In October 2002, following up on prior leads and the fingerprint evidence, investigators matched one of the prints found on the knife through a newly updated Automated Fingerprint Identification System (AFIS). A thumbprint matched that of appellant who was then incarcerated on a charge of driving while intoxicated. In November 2002, the local newspaper reported appellant's arrest, stating that the fingerprint match led to his arrest for the 1995 murder. Shortly thereafter, one of the police officers involved in the case received a letter from an inmate offering information about the crime and later testifying at trial that appellant confessed the crime to him when they were incarcerated together.

Appellant testified on his own behalf. He denied that he had committed the crime or that he had discussed the crime with the informant inmate. Although at the time of his arrest appellant denied ever seeing the knife, he testified at trial that the knife belonged to a friend with whom he had lived. Appellant was convicted of capital murder and sentenced to life imprisonment.



ANALYSIS

Factual Sufficiency

Appellant first contends that the evidence was factually insufficient to support the verdict because the fingerprint, as the only physical evidence that linked appellant to the crime, was mishandled by the police and could not have been left at the murder scene due to the manner in which the crime occurred. Because (i) the knife was not identified initially by family members at the time of the murder, (ii) three prints were found on the weapon--only one of which was identified--and (iii) the evidence was "improperly handled" in 1995, appellant urges that the proof of guilt is "so obviously weak as to undermine confidence in the jury's determination" and the proof of guilt is "greatly outweighed by contrary proof." See Johnson v. State, 23 S.W.3d 1, 11 (Tex. Crim. App. 2000).

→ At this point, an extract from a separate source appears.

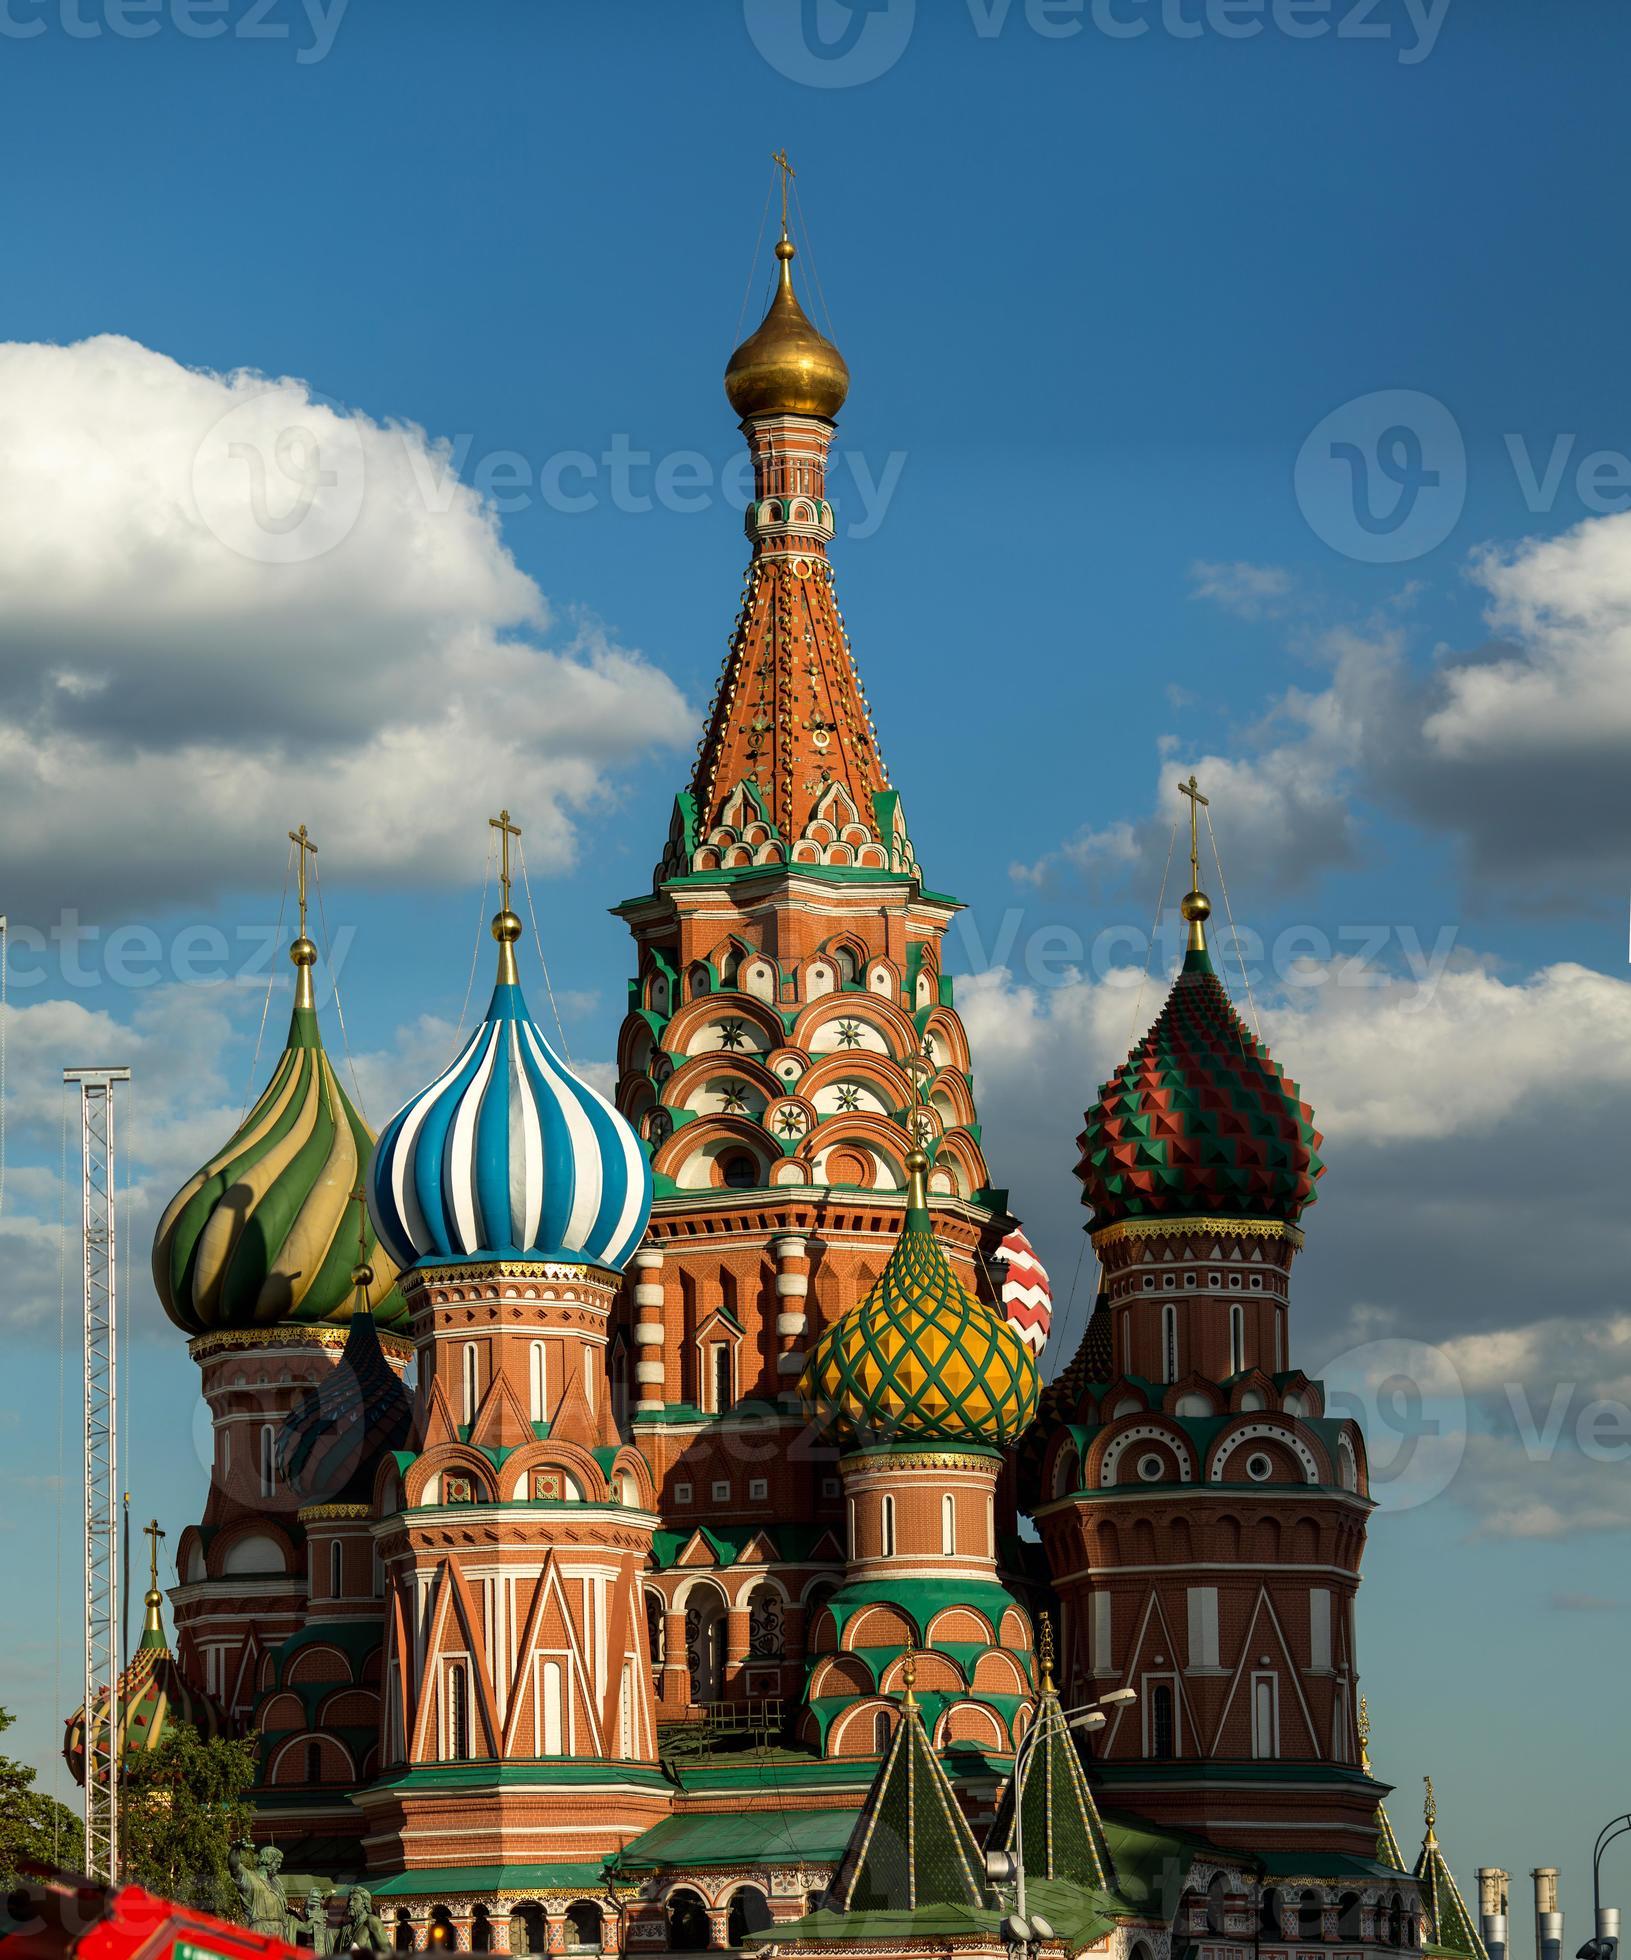 Moskou, st. basil's kathedraal foto
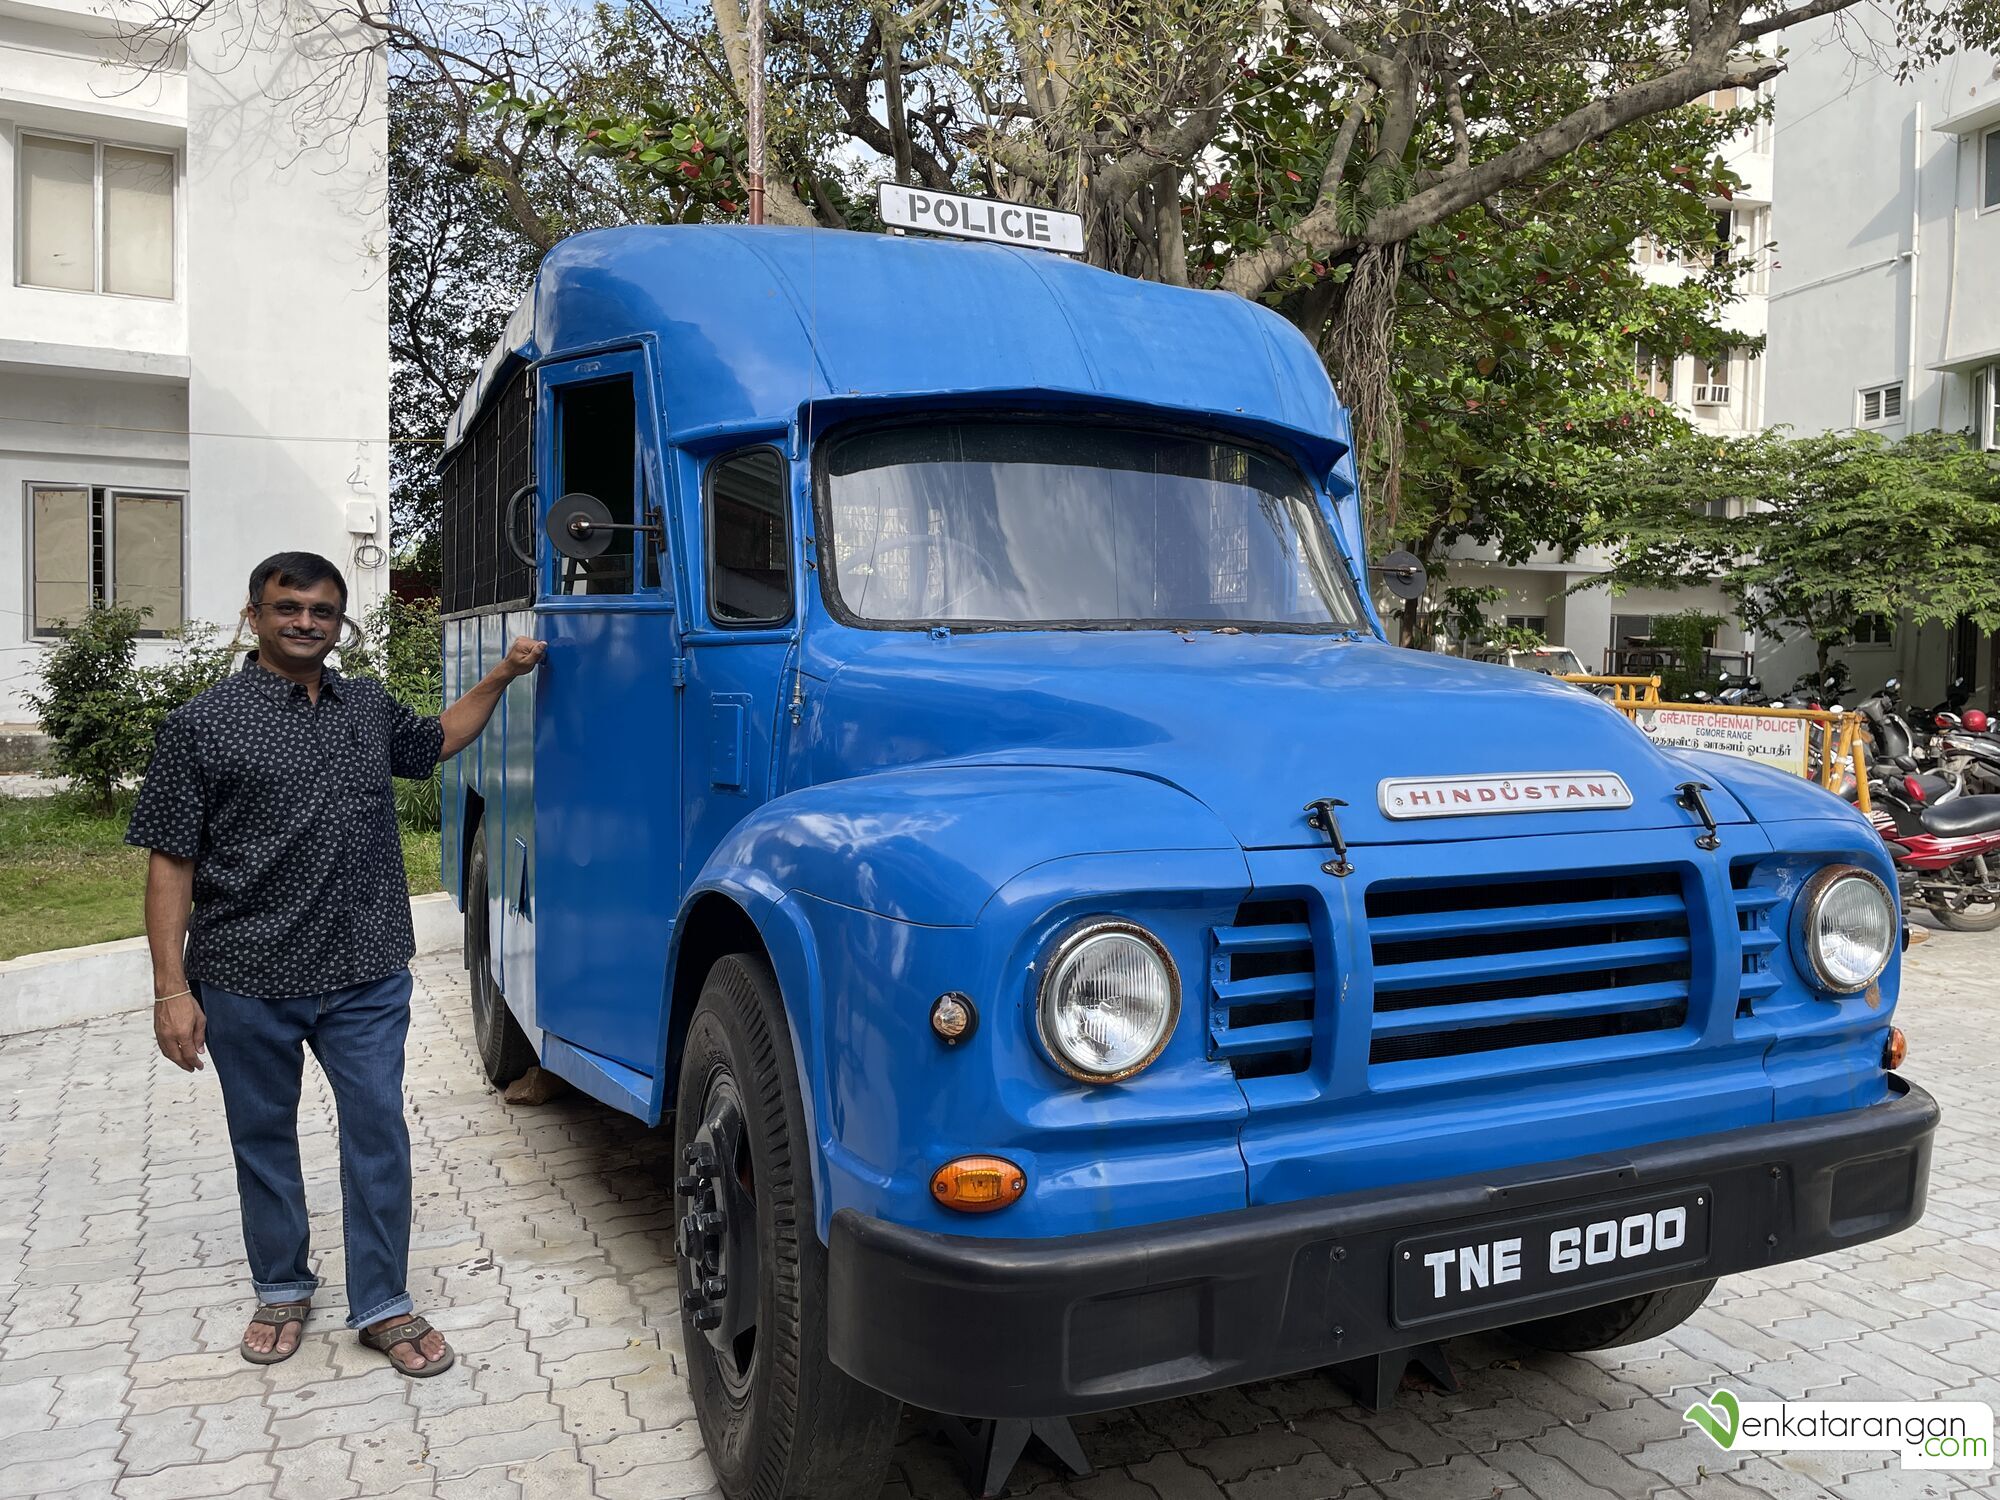 Venkatarangan standing next to a Hindustan Van - similar one appears in most Tamil movies

In a factual sufficiency review, we view the evidence in a neutral light and ask whether a jury was rationally justified in finding guilt beyond a reasonable doubt. See Watson v. State, 204 S.W.3d 404, 415 (Tex. Crim. App. 2006). We then determine whether the evidence supporting the verdict is so weak that the verdict is clearly wrong and manifestly unjust or whether the verdict is against the great weight and preponderance of the conflicting evidence. Id. We will not reverse a case on a factual sufficiency challenge unless we can say, with some objective basis in the record, that the great weight and preponderance of the evidence contradicts the jury's verdict. Id. at 417. Under either review, the fact finder is the exclusive judge of the witnesses' credibility and the weight to be given to their testimony. Cain v. State, 958 S.W.2d 404, 408-09 (Tex. Crim. App. 1997).

The State offered extensive testimony about the knife, which the evidence showed was the murder weapon. Austin police officer Robert Jones first testified that he was dispatched to the crime scene at 1700 Riverview Street shortly after 1 a.m. to assist emergency services. He observed the window screens and the knife on the back porch. The neighbor, Rafael Monroy, also observed the screens and knife on the back porch.

Glen Unnasch, a latent print examiner for the Texas Department of Public Safety crime laboratory, testified that he was the supervisor of the latent print section of the laboratory with over thirty-three years of fingerprint identification experience with the DPS. Unnasch explained that after latent prints are lifted they can be photographed and digitized for preservation purposes. He testified that the preserved latent prints are then compared to a set of known impressions or entered into the AFIS for database searches. On October 29, 2002, the AFIS showed a possible match of the knife print to appellant. Unnasch then identified the right thumbprint on the knife as appellant's right thumbprint. Unnasch testified that there were three fingerprints on the knife: a partial fingerprint and a partial palm print that could not be identified and, on the base of the blade, a right thumbprint, which Unnasch had "no doubt" matched appellant. The other two prints remained unidentified.